IPM builds on understanding the ecology and biology of pests and their natural enemies, and enhancing the ecosystem services of agro-ecosystems. IPM principles include growing healthy crops, regular observations of all elements in the field, enhancing and conserving biological control, and ensuring that farmers have the knowledge and skills required to make informed decisions on pest and crop management.
FAO promotes IPM to best manage pests and diseases of crops. Farmers who are knowledgeable on IPM are able to make decisions reflecting the local context from an ecological and socio-economic perspective, rather than simply following a prescribed set of recommendations. IPM is responsive to changing conditions, including those caused by climate change, and remains the most appropriate way to manage pests.
FAO considers several specific integrated measures to address pests within the climate change context: establishing and strengthening the monitoring of the impact of climate change on pests and natural enemies; collecting data and setting up an initial database of climate change events and pests containing historical data and first-hand data from the monitoring system; building theoretical and empirical models to establish and explain evidence; and communicating these models through GIS visualization. In addition to using the existing FFS platform, knowledge exchange through a global (FAO) IPM platform to gather information on climate change is crucial to supporting farmers and policymakers in their efforts to better adapt to climate change.

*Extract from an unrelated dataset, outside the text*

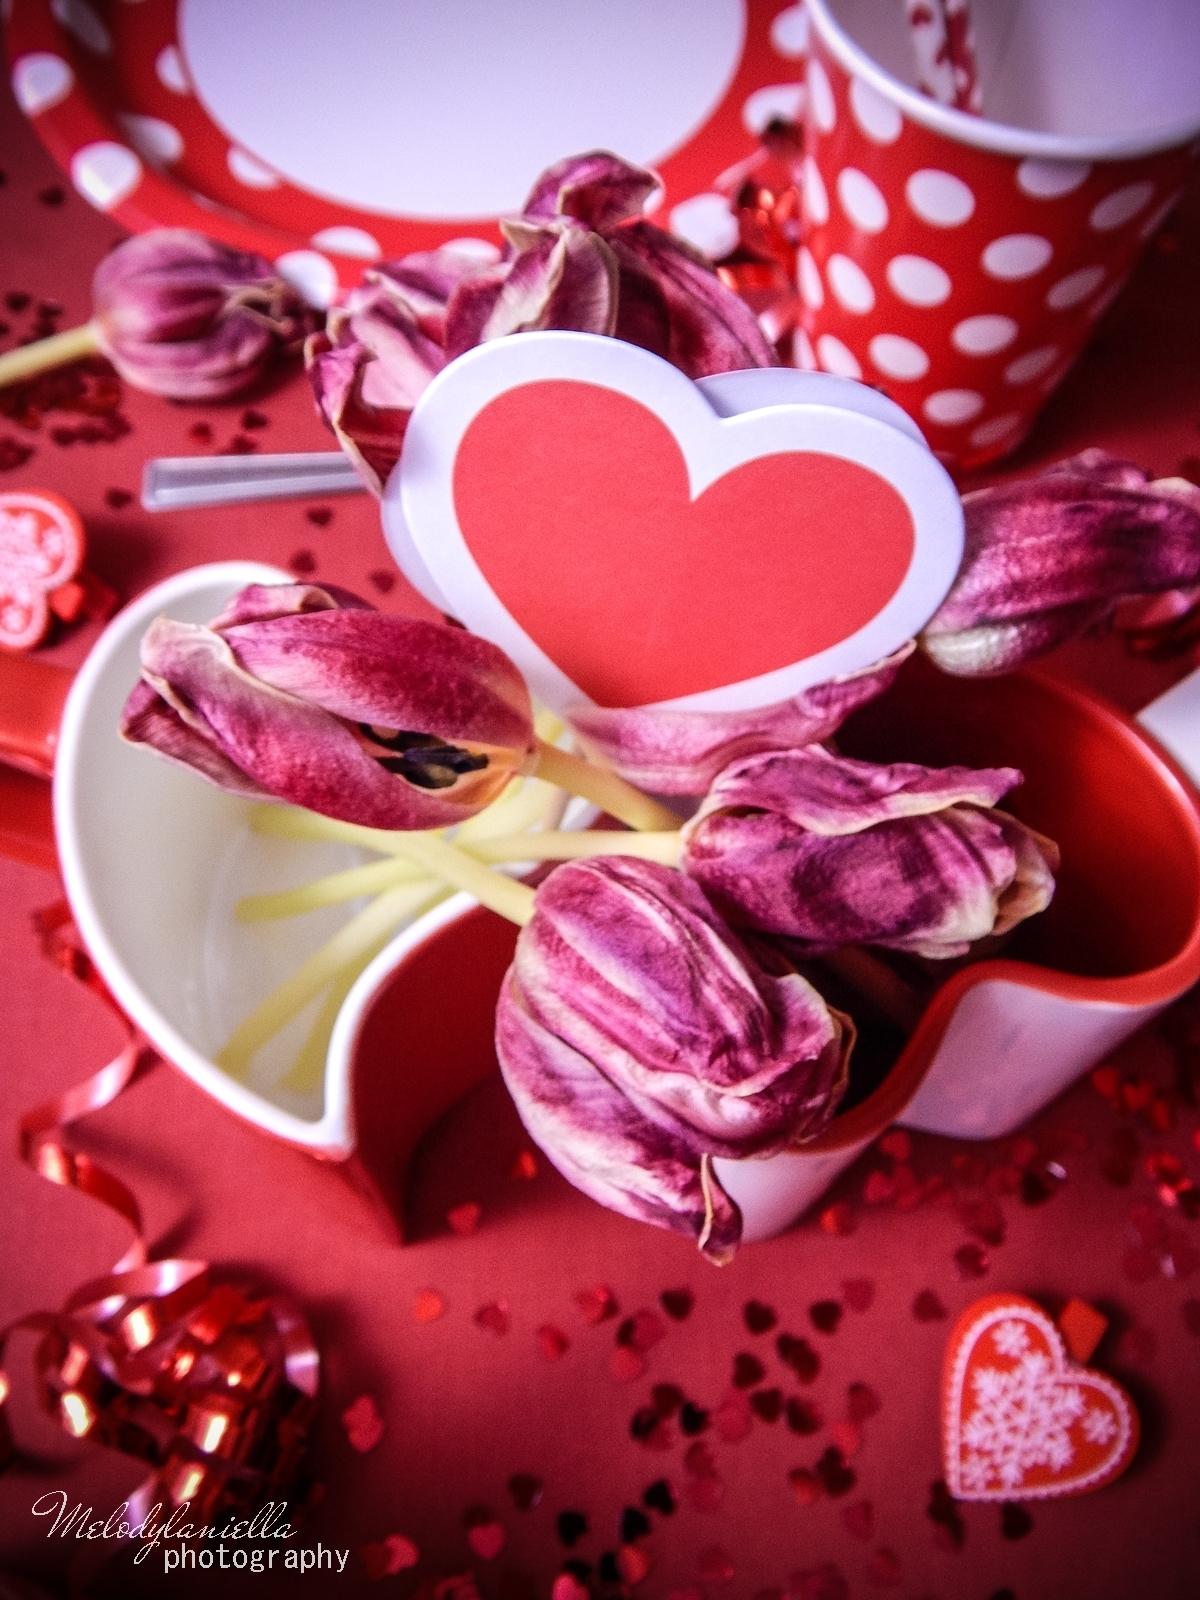 6 jak udekorować stół na walentynki walentynkowa kolacja pomysły na walentynkowe prezenty walentynkowe dekoracje home interior valentines blog melodylaniella partybox red
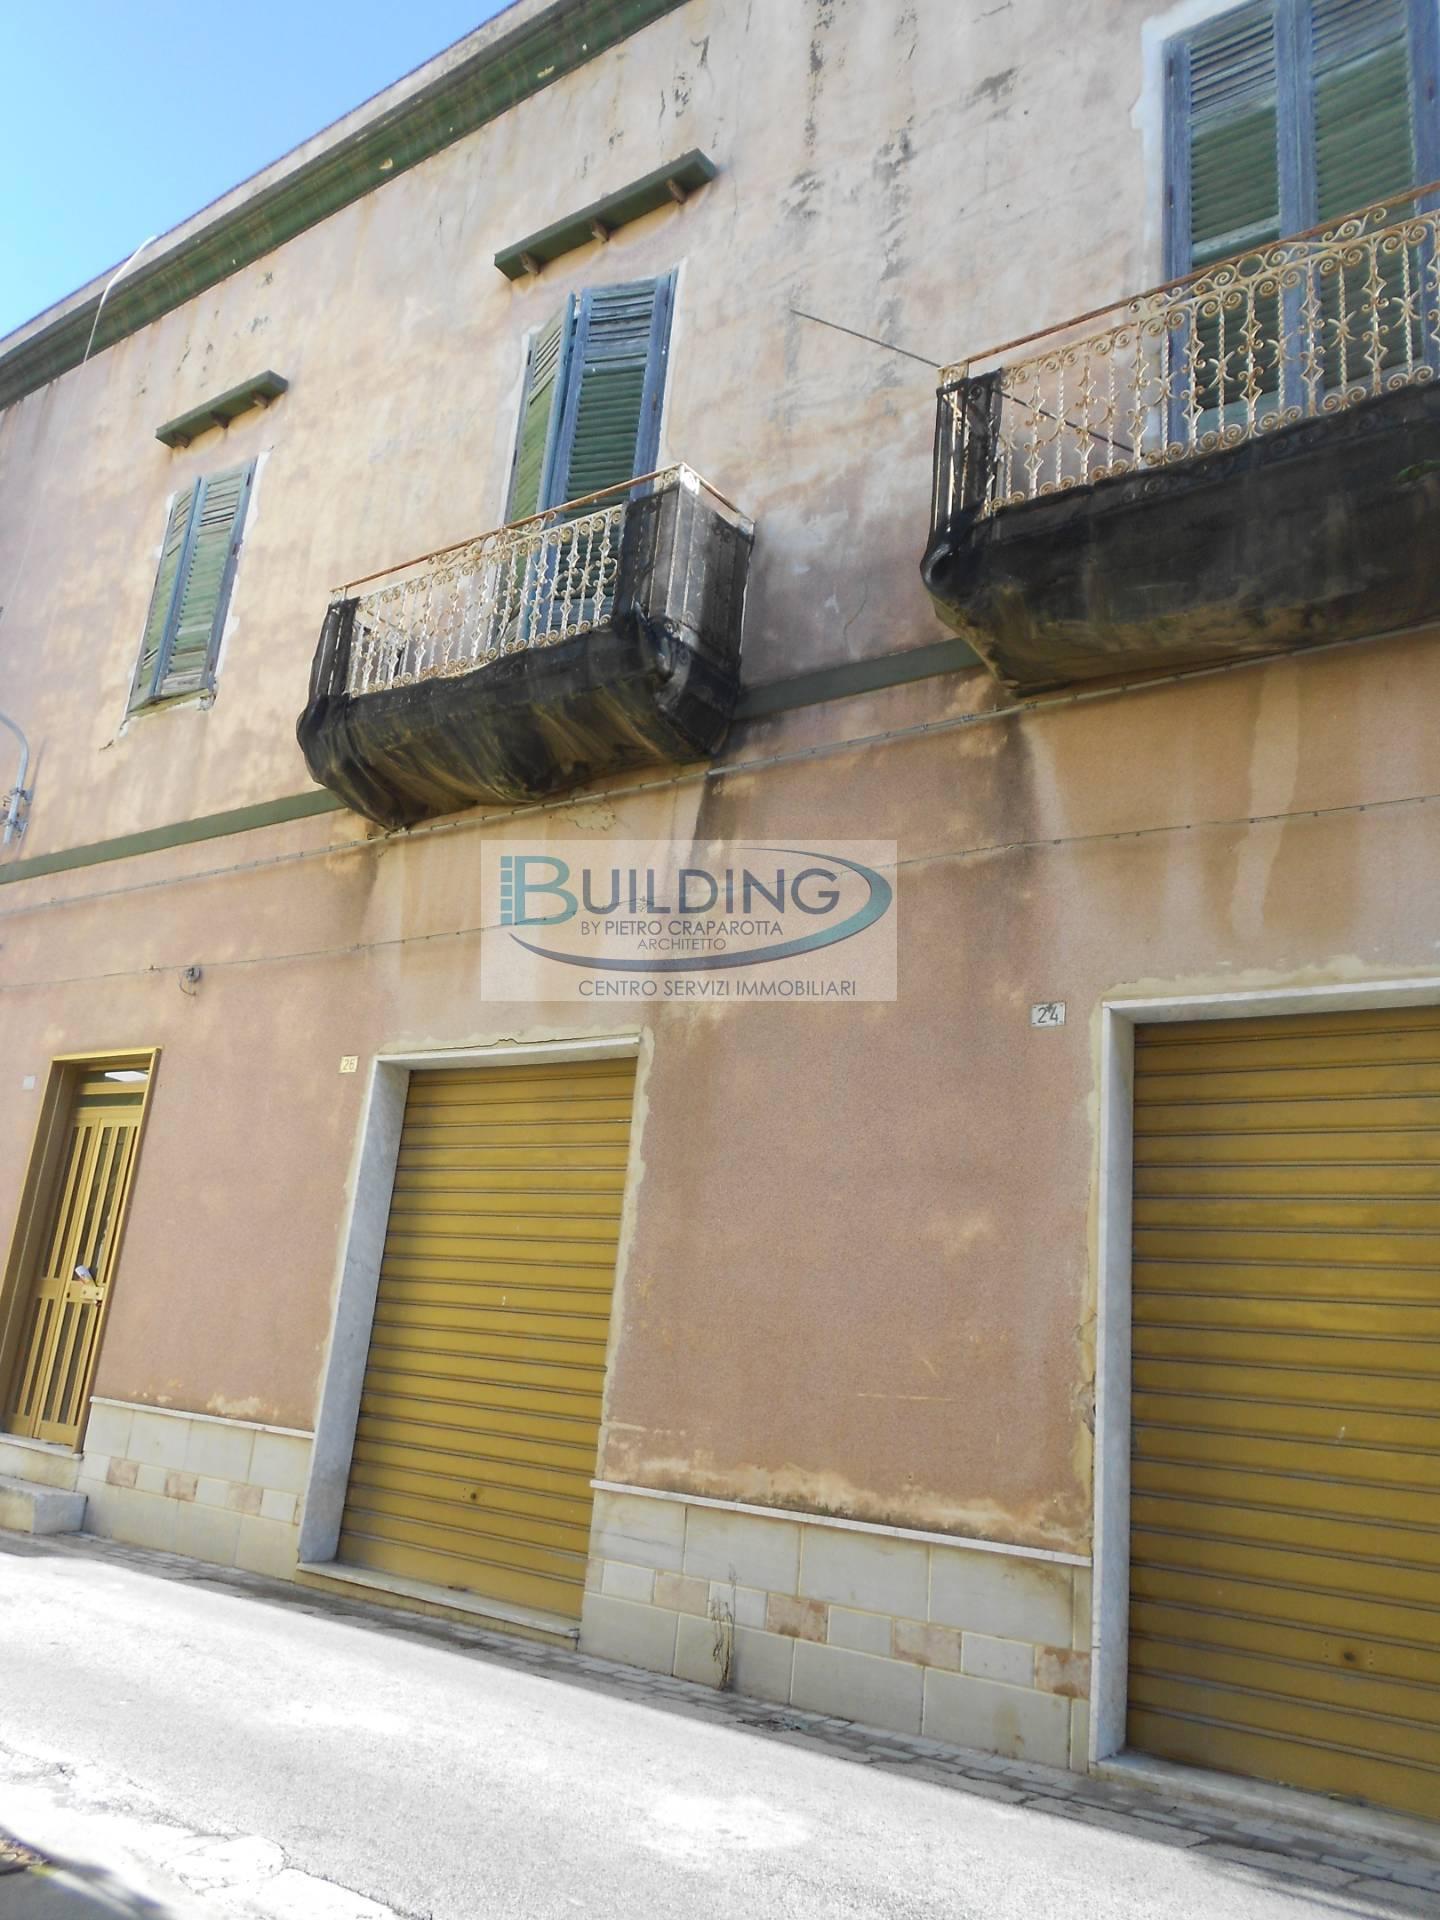 Appartamento in vendita a Castelvetrano, 6 locali, zona Località: CentroStorico, prezzo € 25.000 | PortaleAgenzieImmobiliari.it

Due to the transboundary nature of many pests, a global management approach is required in order for risk assessment and monitoring to be effective. A global information sharing system among regions, including information on diseases, insects, invasive alien species, and ecological conditions comprising weather data, is needed. For this reason, it is necessary to increase cooperation among countries and regions including national, regional, and global organizations.
At the global level, FAO manages transboundary plant pests within the framework of the Food Chain Crisis – Emergency Prevention System (FCC-EMPRES). The main strategy of FAO to address transboundary pests is to enhance prevention. This involves strengthening monitoring, early warning, early reaction, coordination, communication, and capacity development. For example, the FAO Desert Locust Information Service (DLIS) has been operating an early warning system to monitor weather, ecological conditions, and locust infestations on a daily basis since 1978. The DLIS is the global focal point and clearinghouse for all locust and locust-related survey and control data, which are analyzed to produce monthly bulletins, six-week forecasts, alerts, and warnings.
Controlling pest outbreaks exacerbated by climate change is crucial to increase food production and achieve U.N. Sustainable Development Goal (SDG) 2 on ending hunger, achieving food security, improving nutrition, and promoting sustainable agriculture, as well as SDG 13 on taking urgent actions to combat climate change and its impacts.